Brief: Output the data below only from the line containing "3rd double door refrigerator under 25000" up to and including the line containing "Le tube transparent", exact and with the pictures left out.

Material for this task:

***

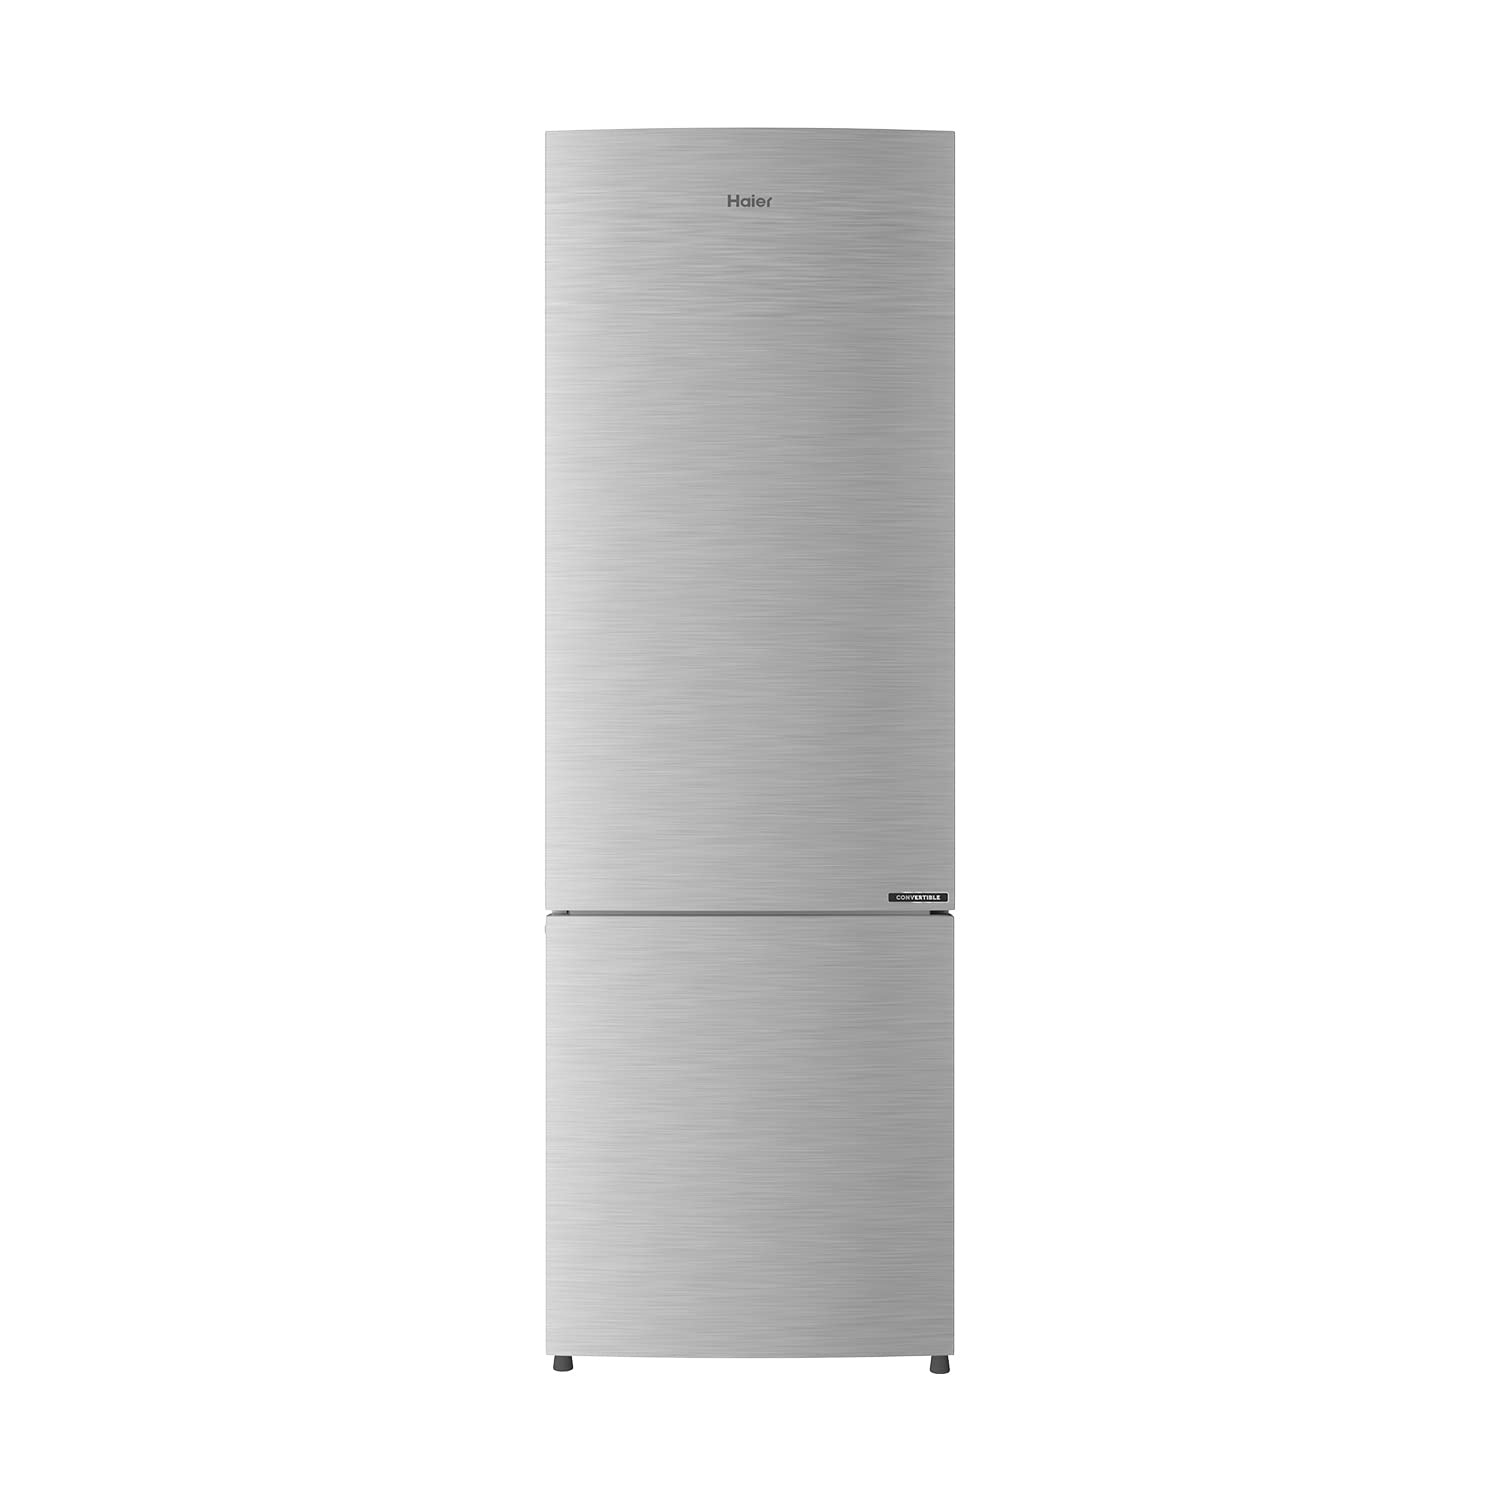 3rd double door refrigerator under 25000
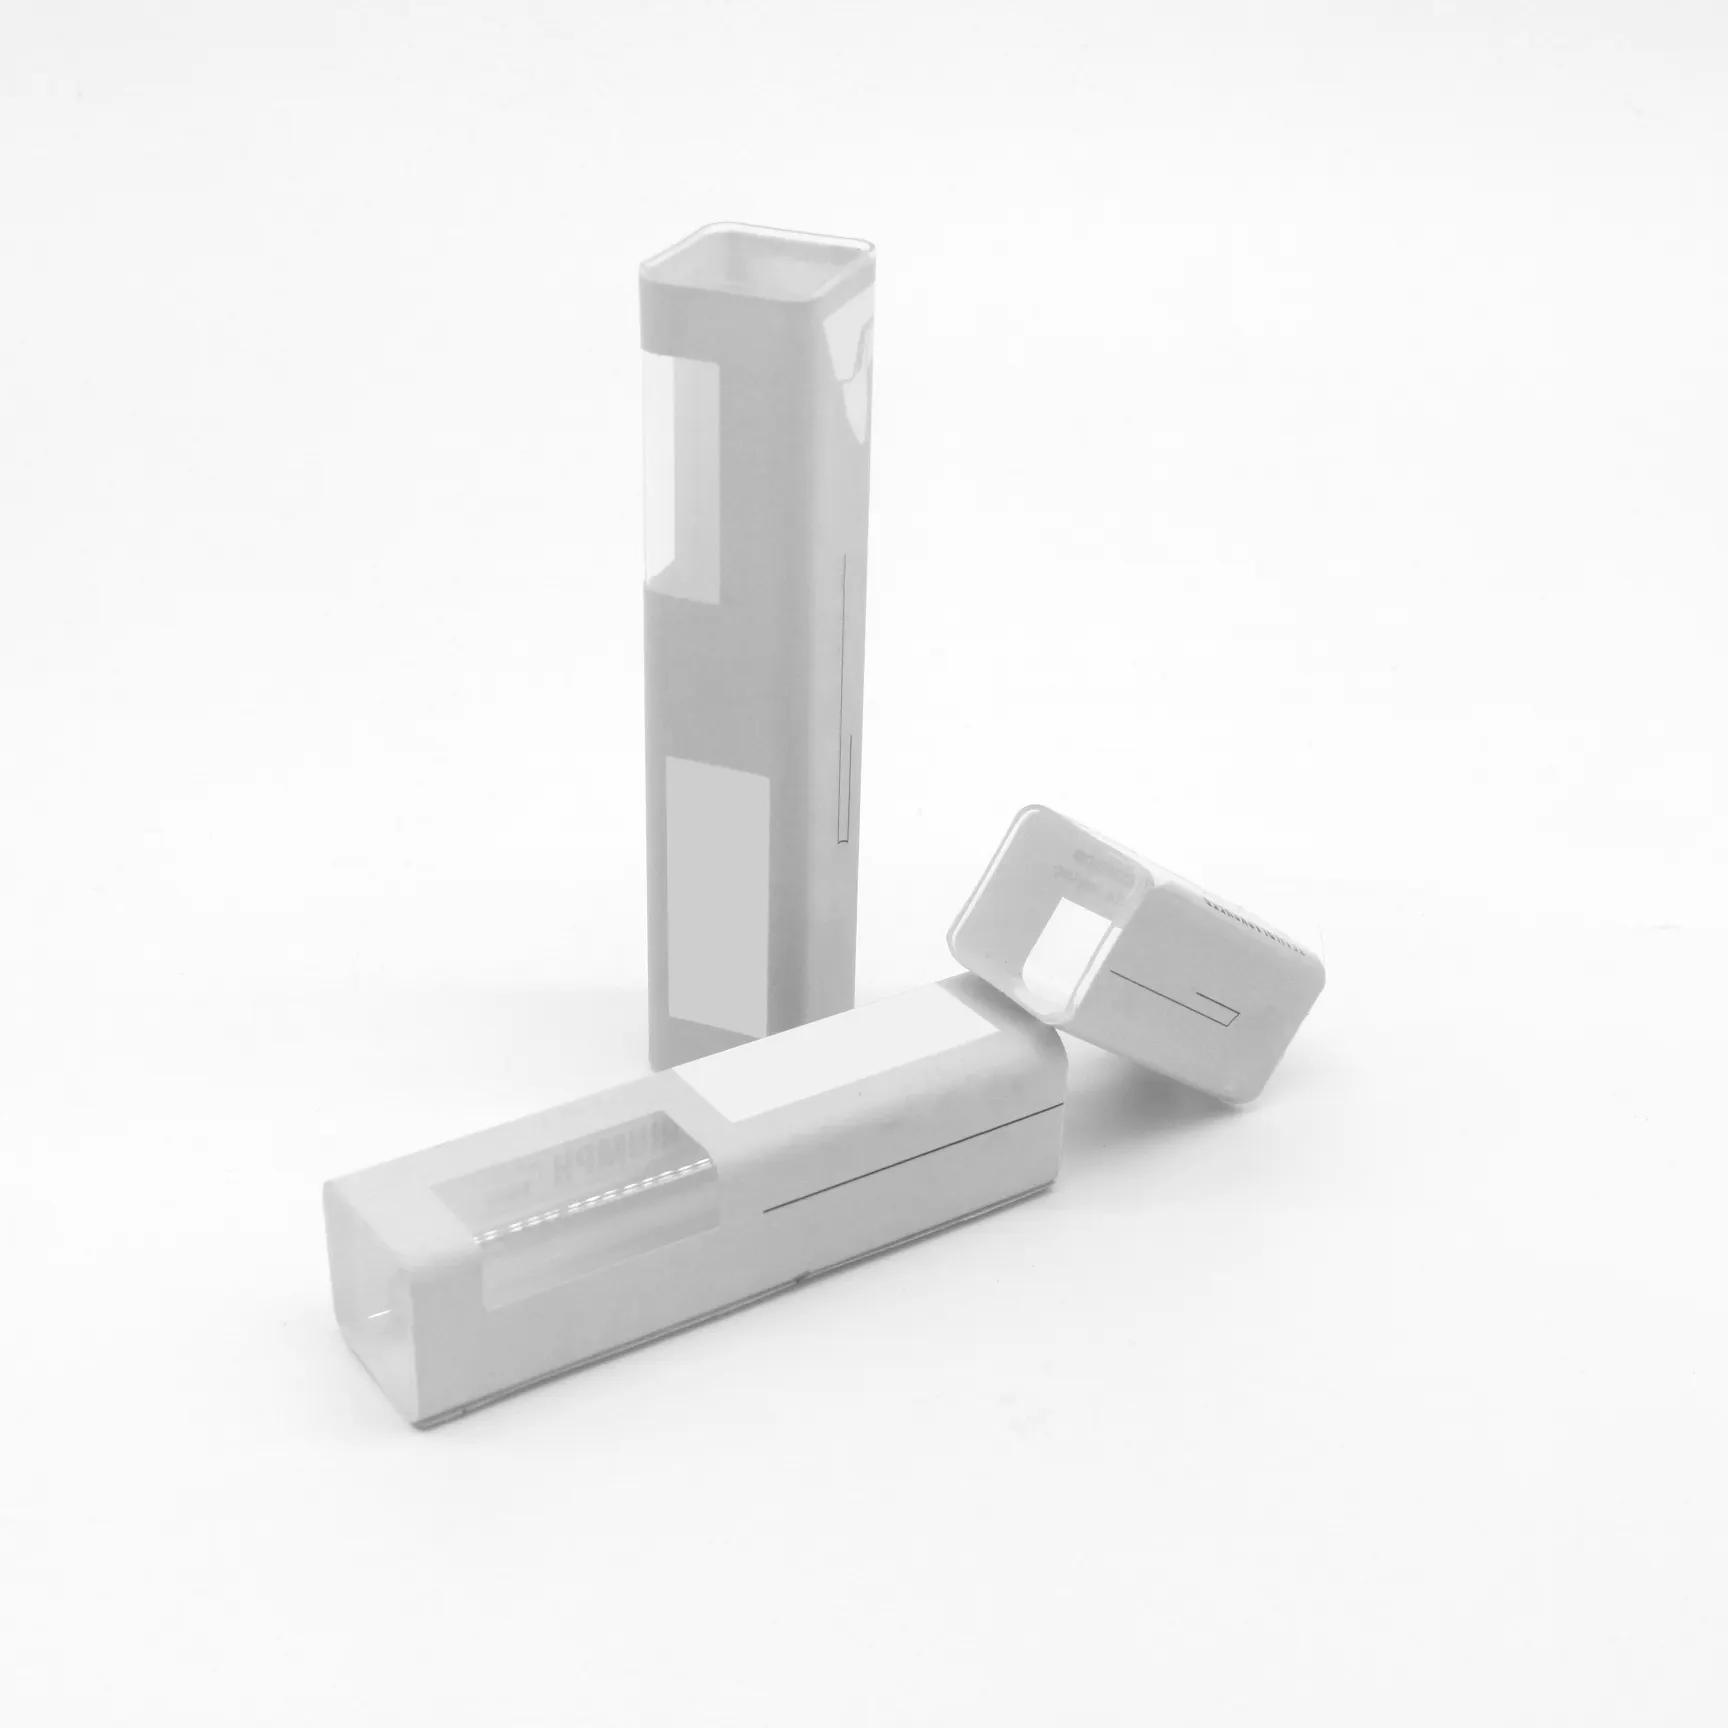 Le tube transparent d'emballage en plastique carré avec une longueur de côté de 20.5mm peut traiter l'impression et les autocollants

***

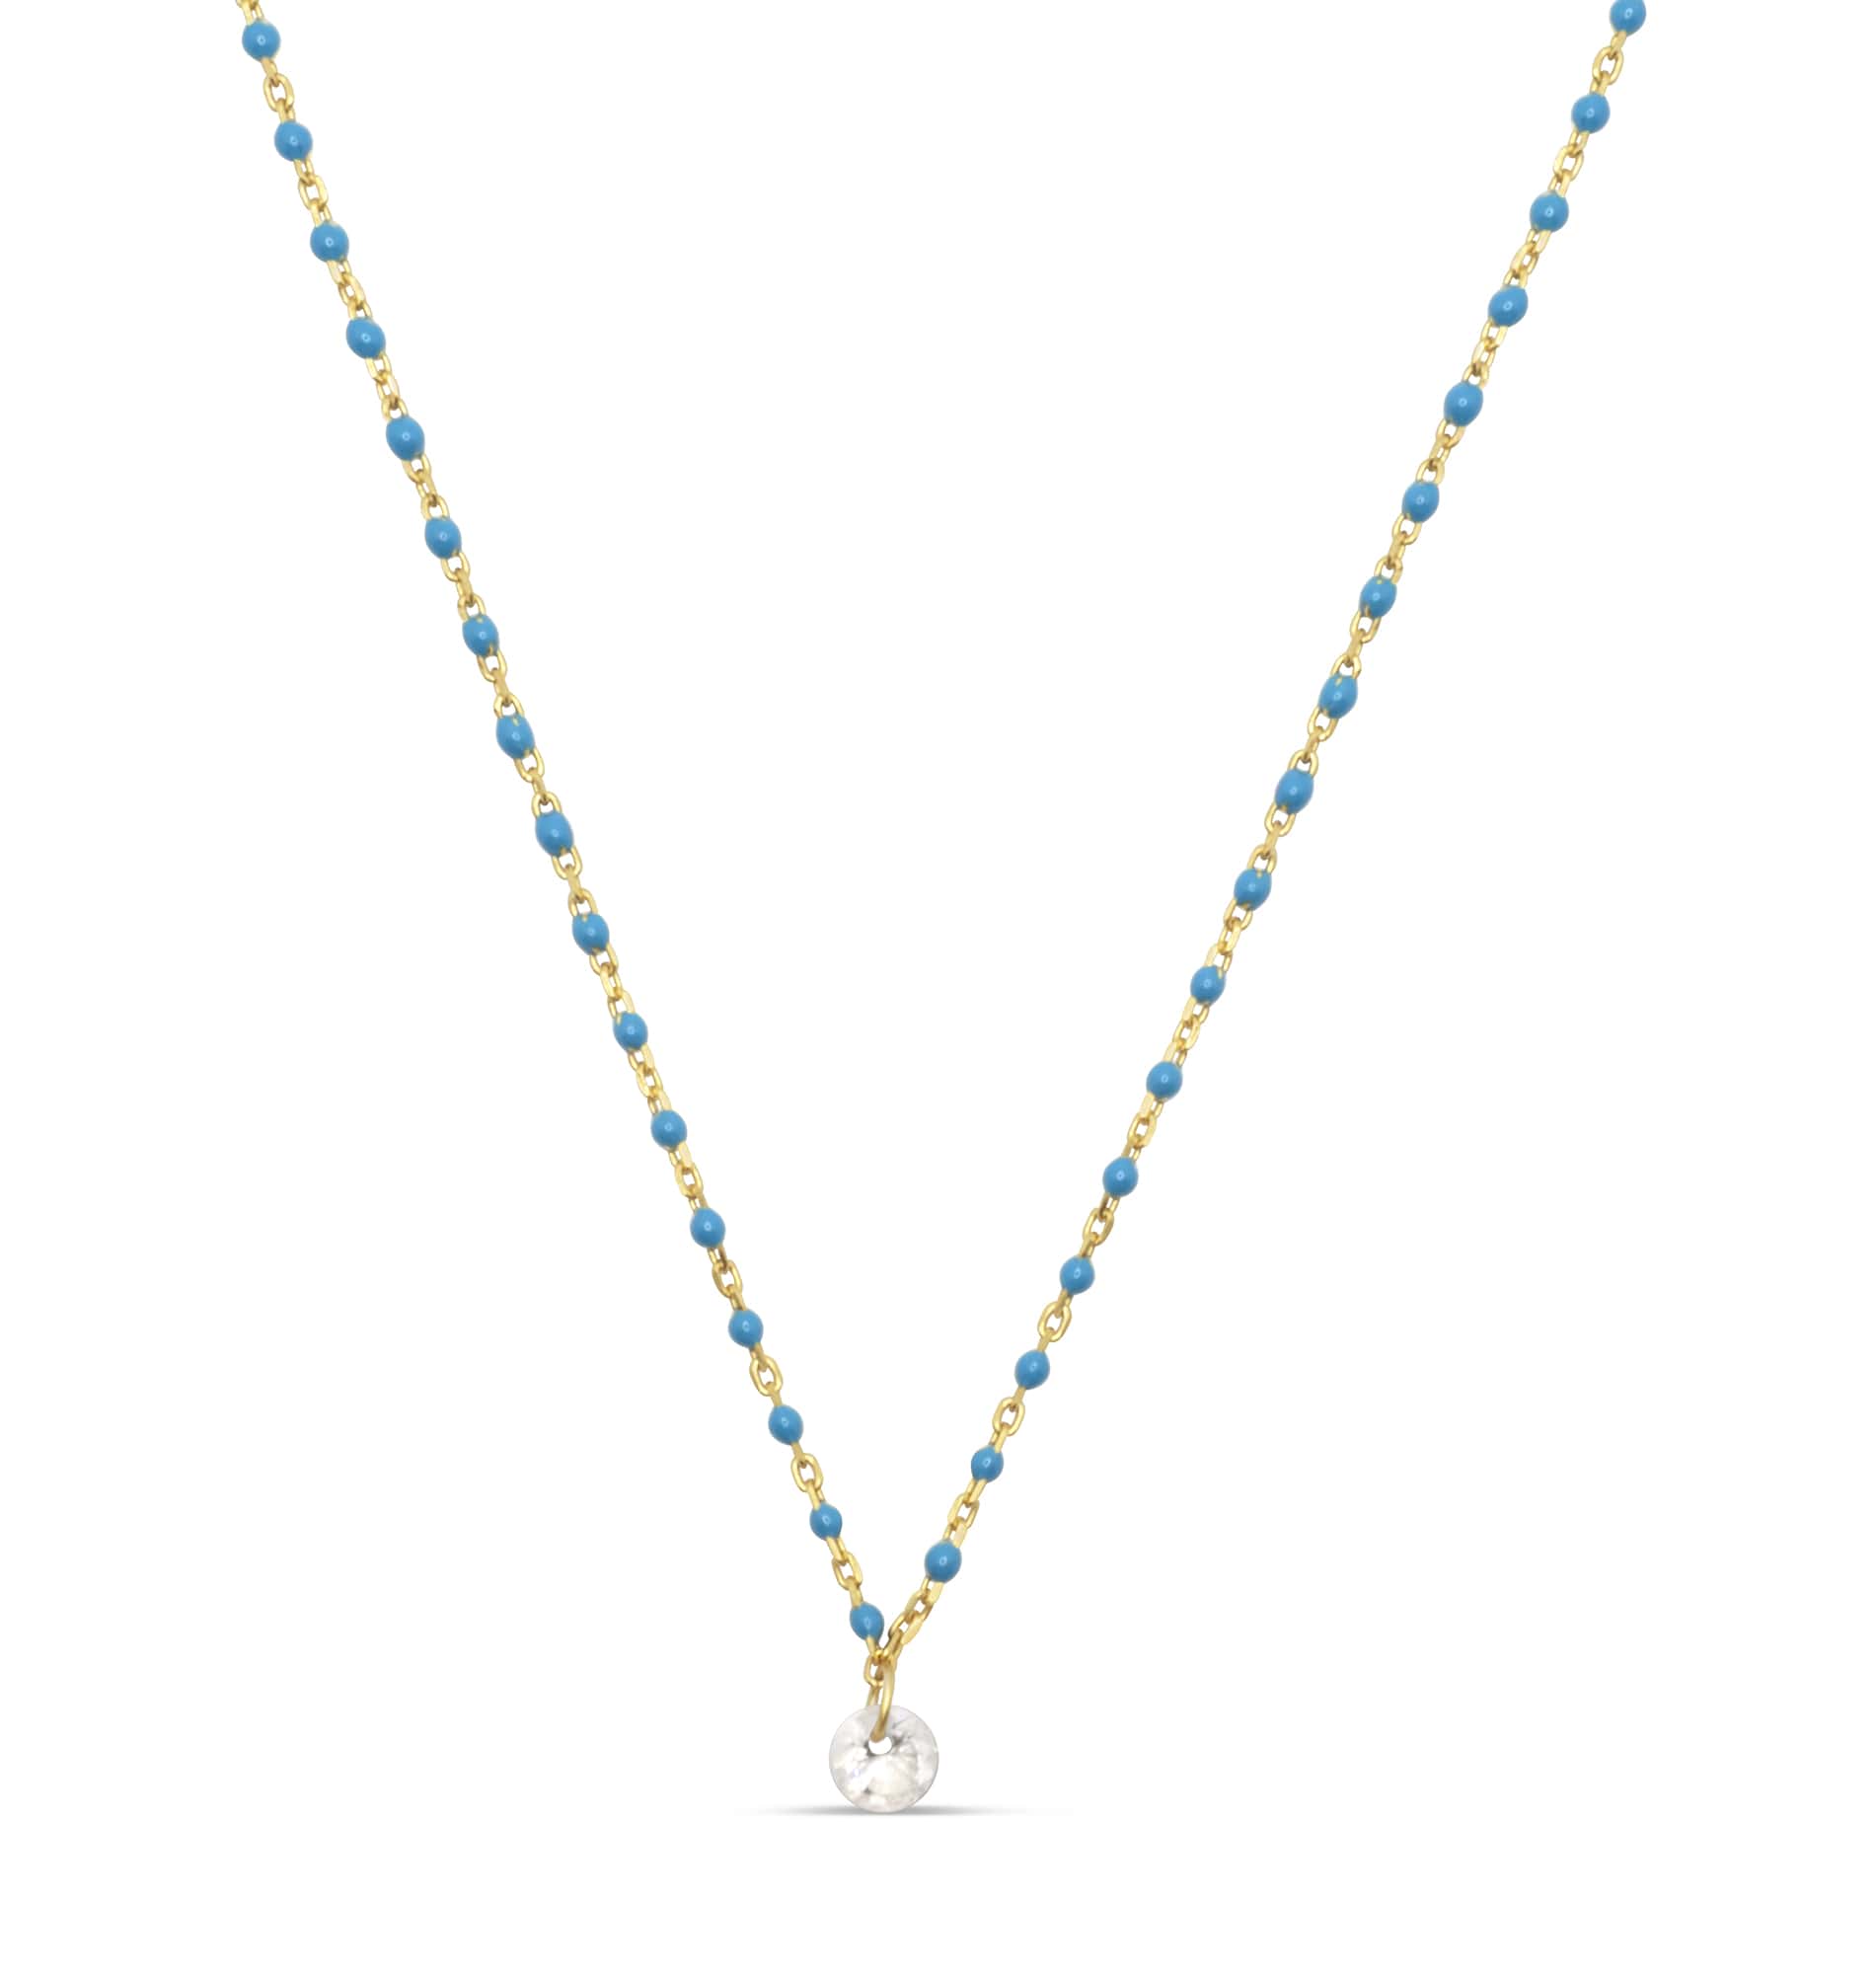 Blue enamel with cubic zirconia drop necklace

***

Result of this exercise:
 3rd double door refrigerator under 25000
 Le tube transparent d'emballage en plastique carré avec une longueur de côté de 20.5mm peut traiter l'impression et les autocollants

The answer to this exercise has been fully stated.